Artificial intelligence and machine learning have become key enablers to leverage data in production in recent years due to a number of different factors: More affordable sensors and the automated process of data acquisition; More powerful computation capability of computers to perform more complex tasks at a faster speed with lower cost; Faster connectivity infrastructure and more accessible cloud services for data management and computing power outsourcing. [3]

Categories

Possible applications of industrial AI and machine learning in the production domain can be divided into seven application areas: [4]

Taxonomy of application areas and application scenarios for machine learning and artificial intelligence in production Taxonomy of Application Areas.png
Taxonomy of application areas and application scenarios for machine learning and artificial intelligence in production

Each application area can be further divided into specific application scenarios that describe concrete AI/ML scenarios in production. While some application areas have a direct connection to production processes, others cover production adjacent fields like logistics or the factory building. [4]

An example from the application scenario Process Design & Innovation are collaborative robots. Collaborative robotic arms are able to learn the motion and path demonstrated by human operators and perform the same task. [5] Predictive and preventive maintenance through data-driven machine learning are examplary application scenarios from the Machinery & Equipment application area. [4]

Challenges

In contrast to entirely virtual systems, in which ML applications are already widespread today, real-world production processes are characterized by the interaction between the virtual and the physical world. Data is recorded using sensors and processed on computational entities and, if desired, actions and decisions are translated back into the physical world via actuators or by human operators. [6] This poses major challenges for the application of ML in production engineering systems. These challenges are attributable to the encounter of process, data and model characteristics: The production domain's high reliability requirements, high risk and loss potential, the multitude of heterogeneous data sources and the non-transparency of ML model functionality impede a faster adoption of ML in real-world production processes.

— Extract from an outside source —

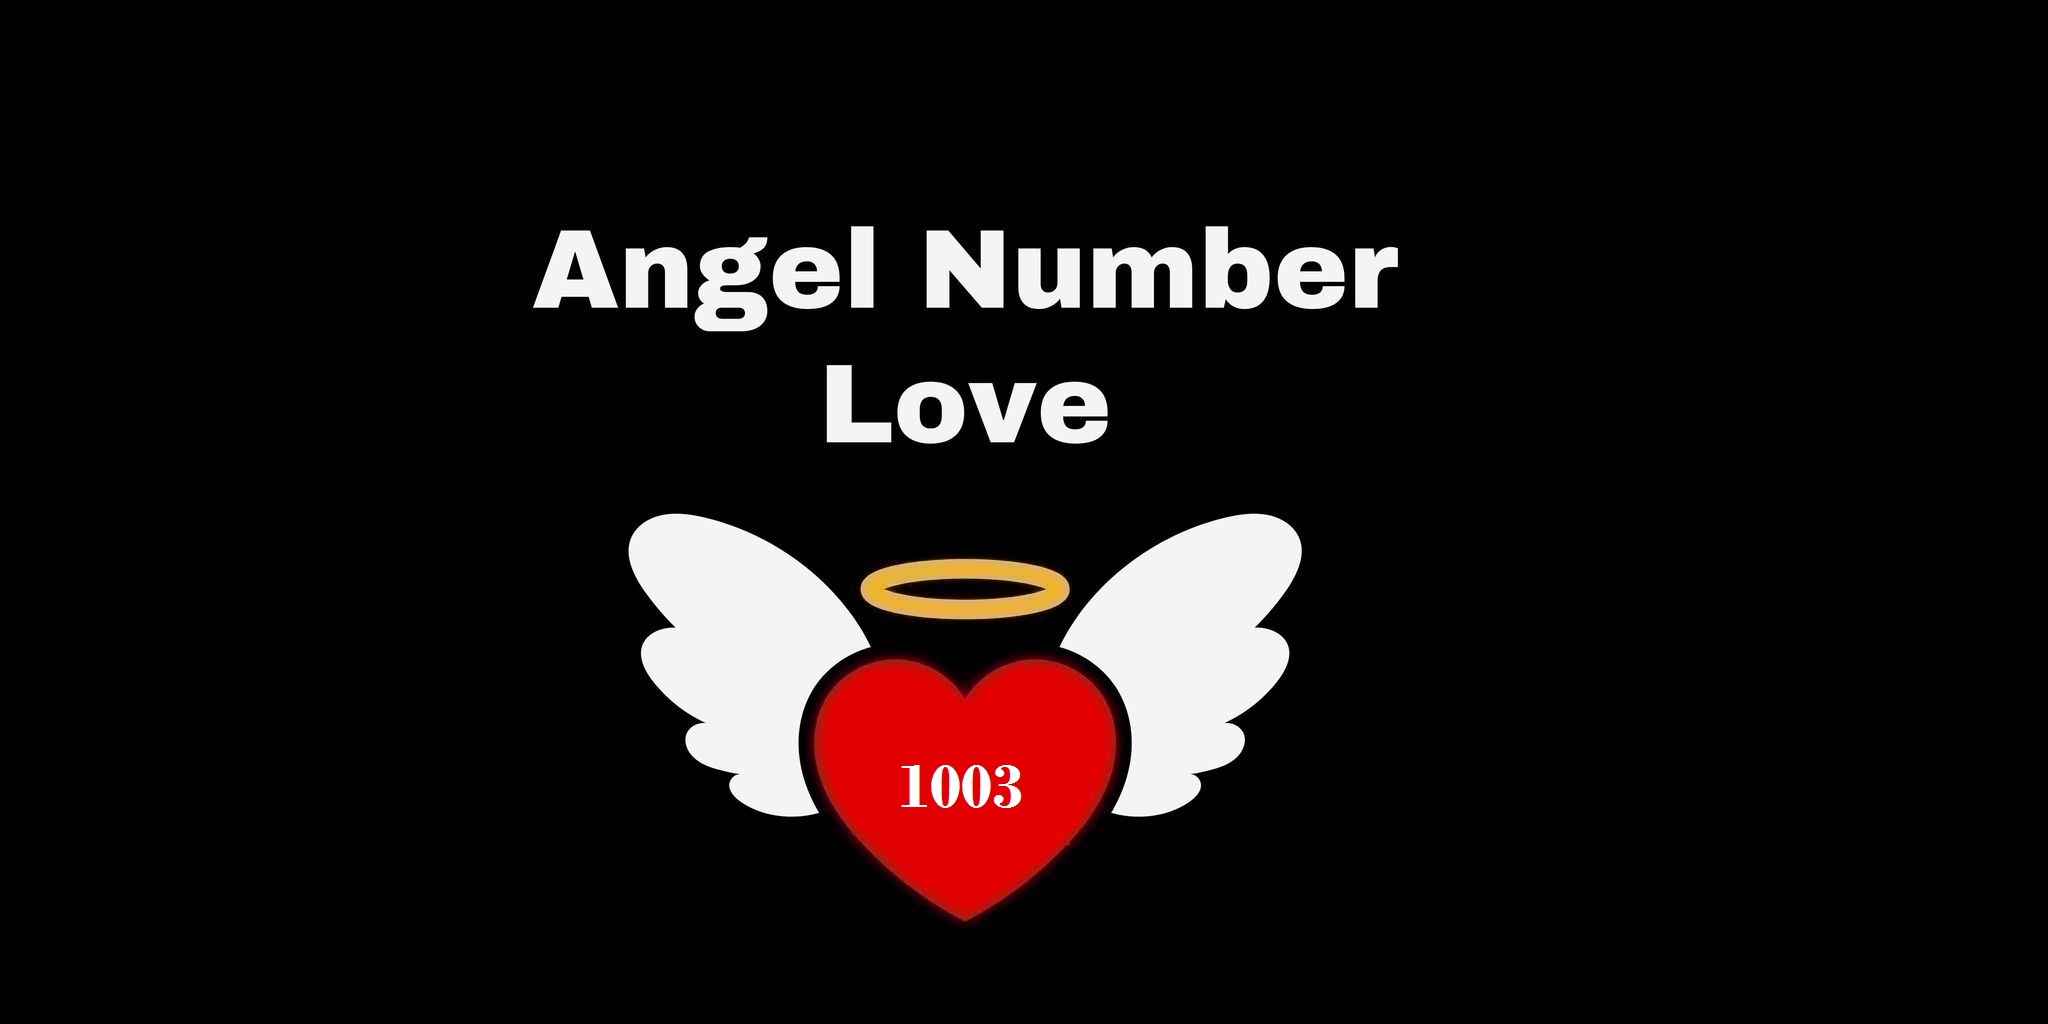 1003 Angel Number Meaning In Love

The challenges for ML applications in production engineering result from the encounter of process, data and ML model characteristics Challenges for Machine Learning in Production.png
The challenges for ML applications in production engineering result from the encounter of process, data and ML model characteristics

In particular, production data comprises a variety of different modalities, semantics and quality. [7] Furthermore, production systems are dynamic, uncertain and complex, [7] and engineering and manufacturing problems are data-rich but information-sparse. [8] Besides that, due the variety of use cases and data characteristics, problem-specific data sets are required, which are difficult to acquire, hindering both practitioners and academic researchers in this domain. [9]

Process and Industry Characteristics

The domain of production engineering can be considered as a rather conservative industry when it comes to the adoption of advanced technology and their integration into existing processes. This is due to high demands on reliability of the production systems resulting from the potentially high economic harm of reduced process effectiveness due to e.g., additional unplanned downtime or insufficient product qualities. In addition, the specifics of machining equipment and products prevent area-wide adoptions across a variety of processes. Besides the technical reasons, the reluctant adoption of ML is fueled by a lack of IT and data science expertise across the domain. [4]

Data Characteristics

The data collected in production processes mainly stem from frequently sampling sensors to estimate the state of a product, a process, or the environment in the real world. Sensor readings are susceptible to noise and represent only an estimate of the reality under uncertainty. Production data typically comprises multiple distributed data sources resulting in various data modalities (e.g., images from visual quality control systems, time-series sensor readings, or cross-sectional job and product information). The inconsistencies in data acquisition lead to low signal-to-noise ratios, low data quality and great effort in data integration, cleaning and management. In addition, as a result from mechanical and chemical wear of production equipment, process data is subject to various forms of data drifts.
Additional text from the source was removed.